■ Raw data:
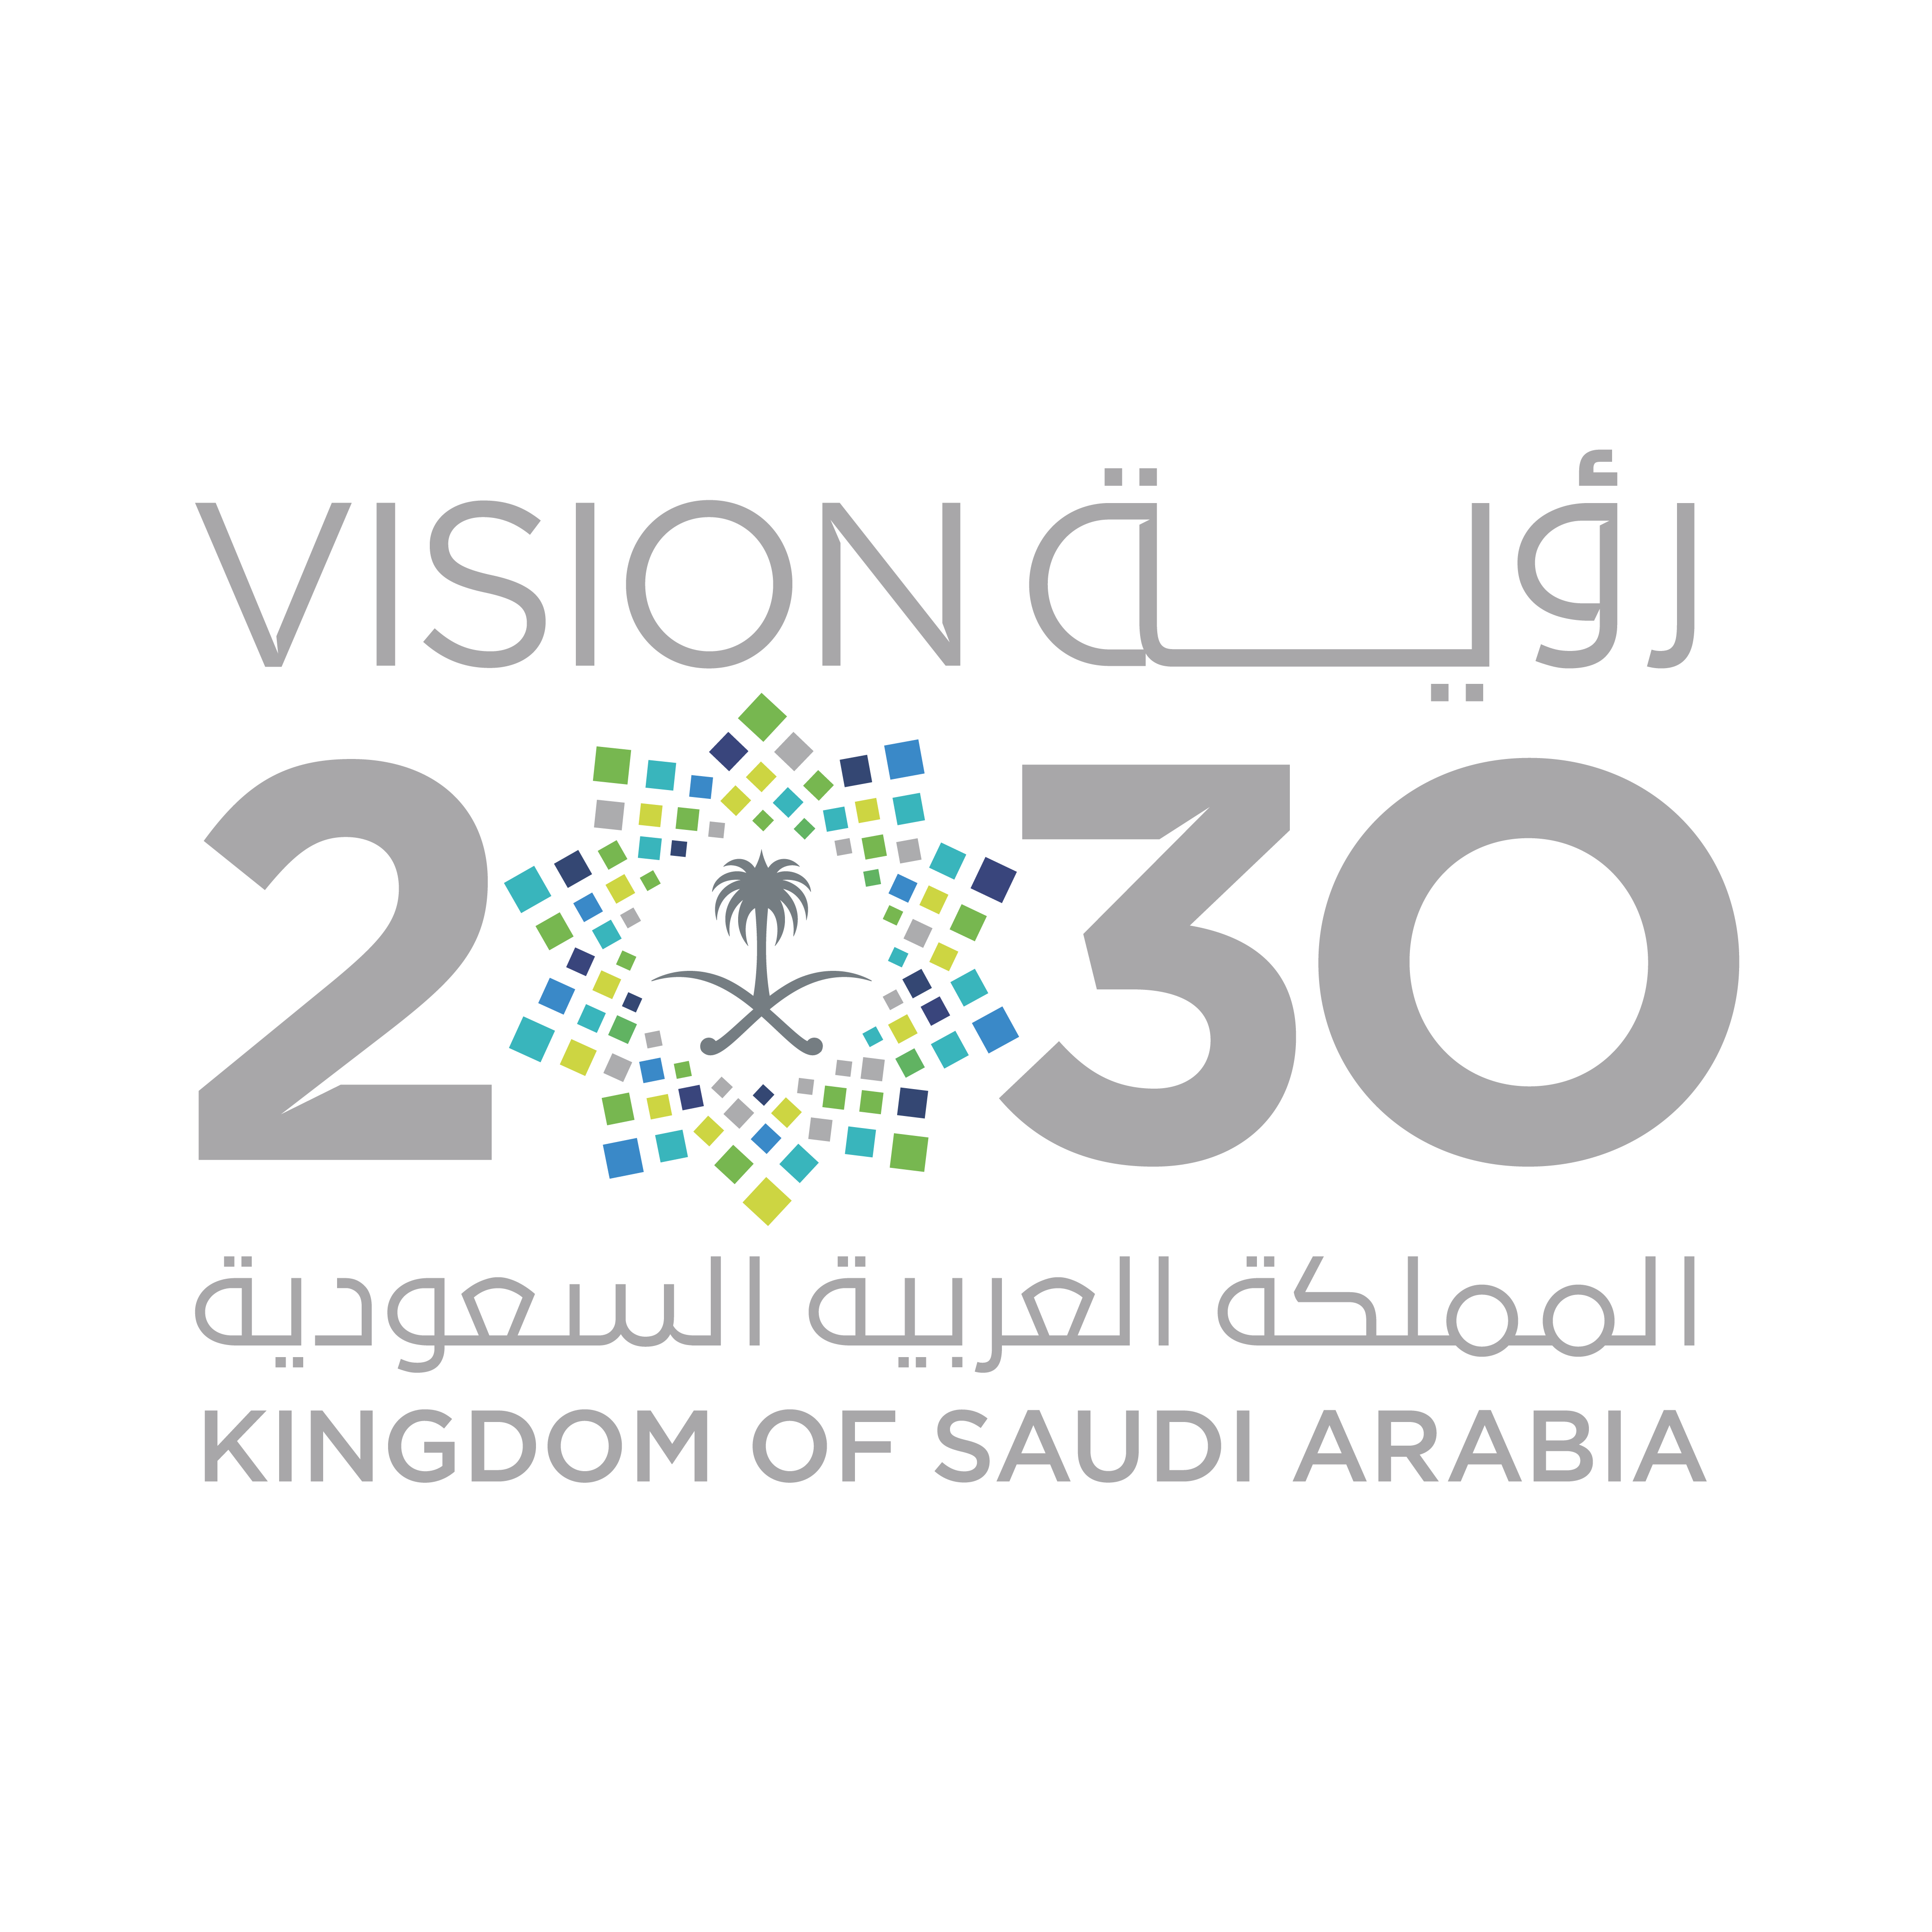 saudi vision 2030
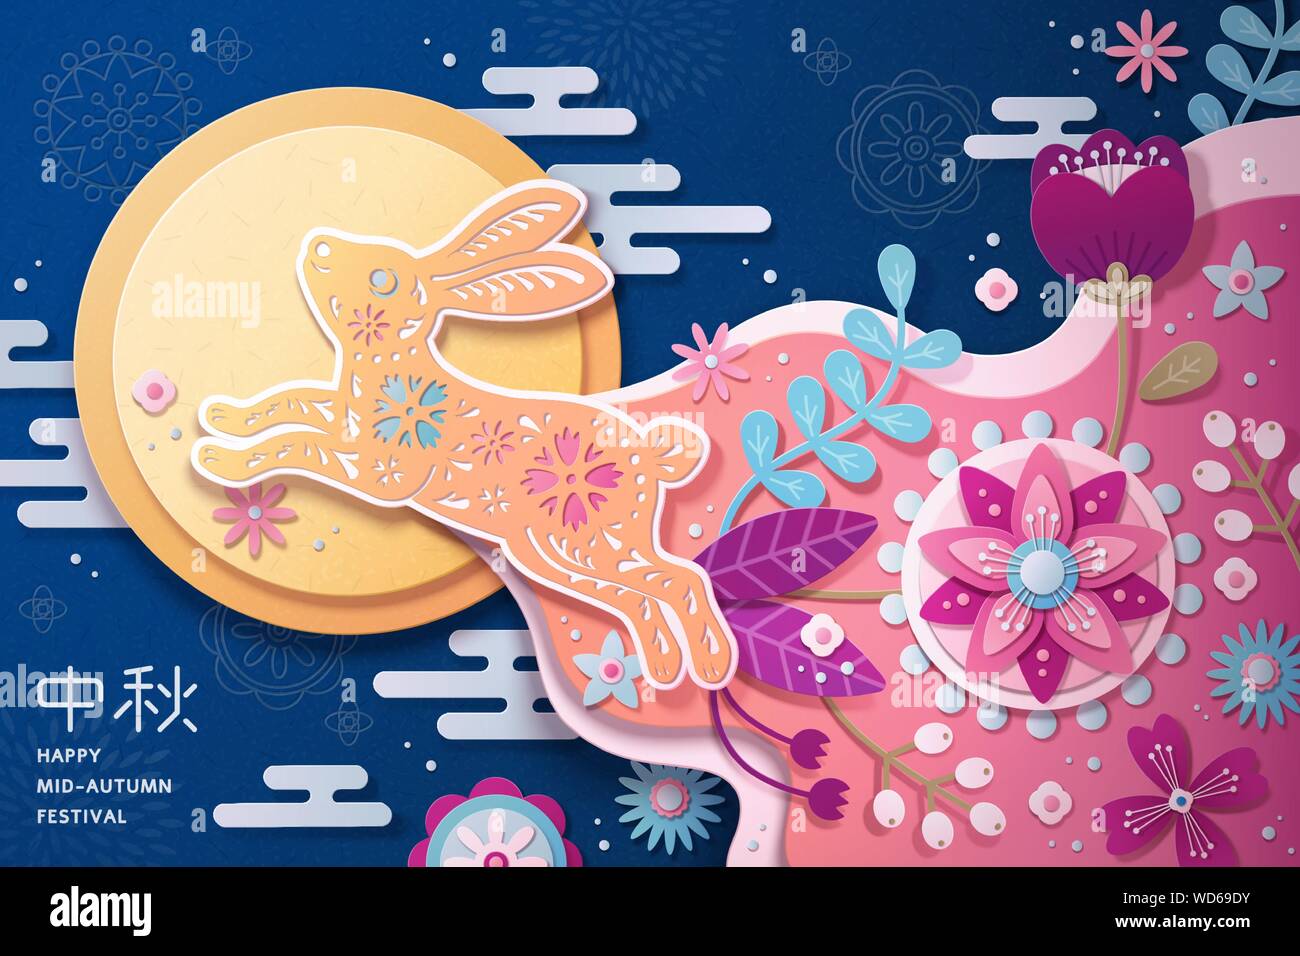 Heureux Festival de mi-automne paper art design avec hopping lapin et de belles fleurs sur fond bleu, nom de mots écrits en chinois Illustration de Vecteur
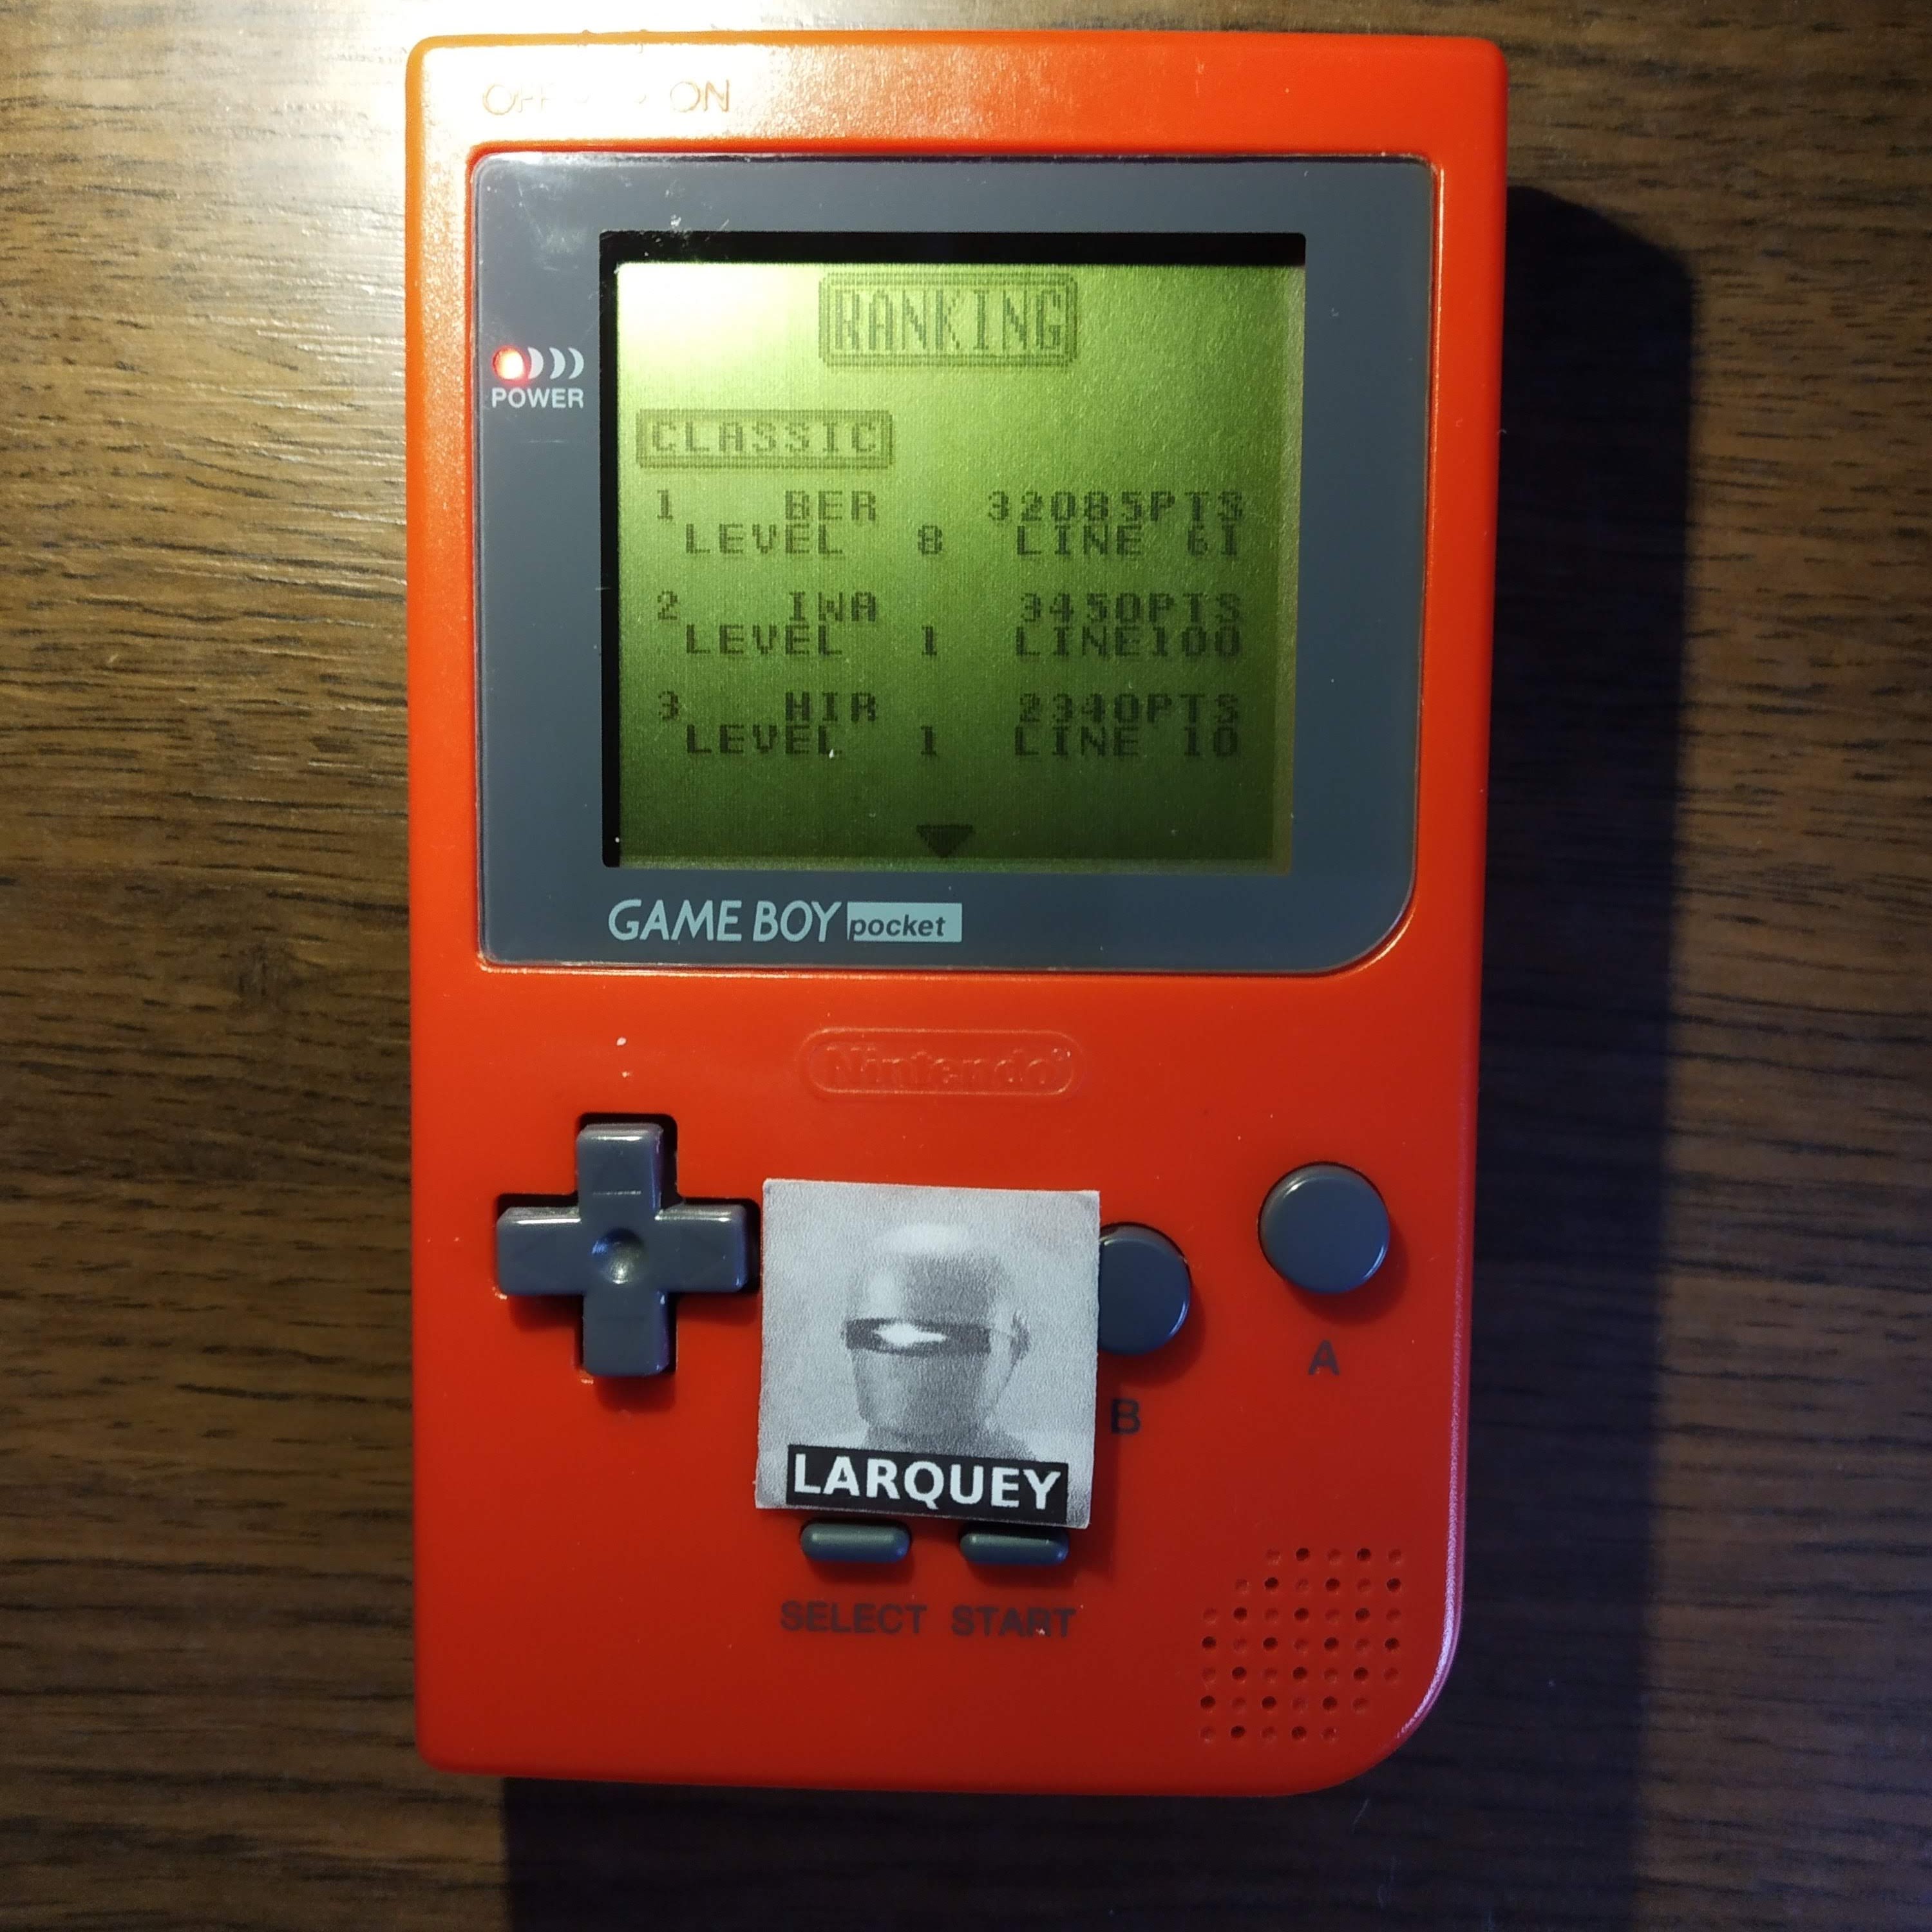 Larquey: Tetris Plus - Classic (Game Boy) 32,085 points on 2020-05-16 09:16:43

■ What to produce: Leave out every picture, and copy exactly the lines from the line that contains "Heureux Festival de" through the end of the material.

■ Response:
 Heureux Festival de mi-automne paper art design avec hopping lapin et de belles fleurs sur fond bleu, nom de mots écrits en chinois Illustration de Vecteur
 Larquey: Tetris Plus - Classic (Game Boy) 32,085 points on 2020-05-16 09:16:43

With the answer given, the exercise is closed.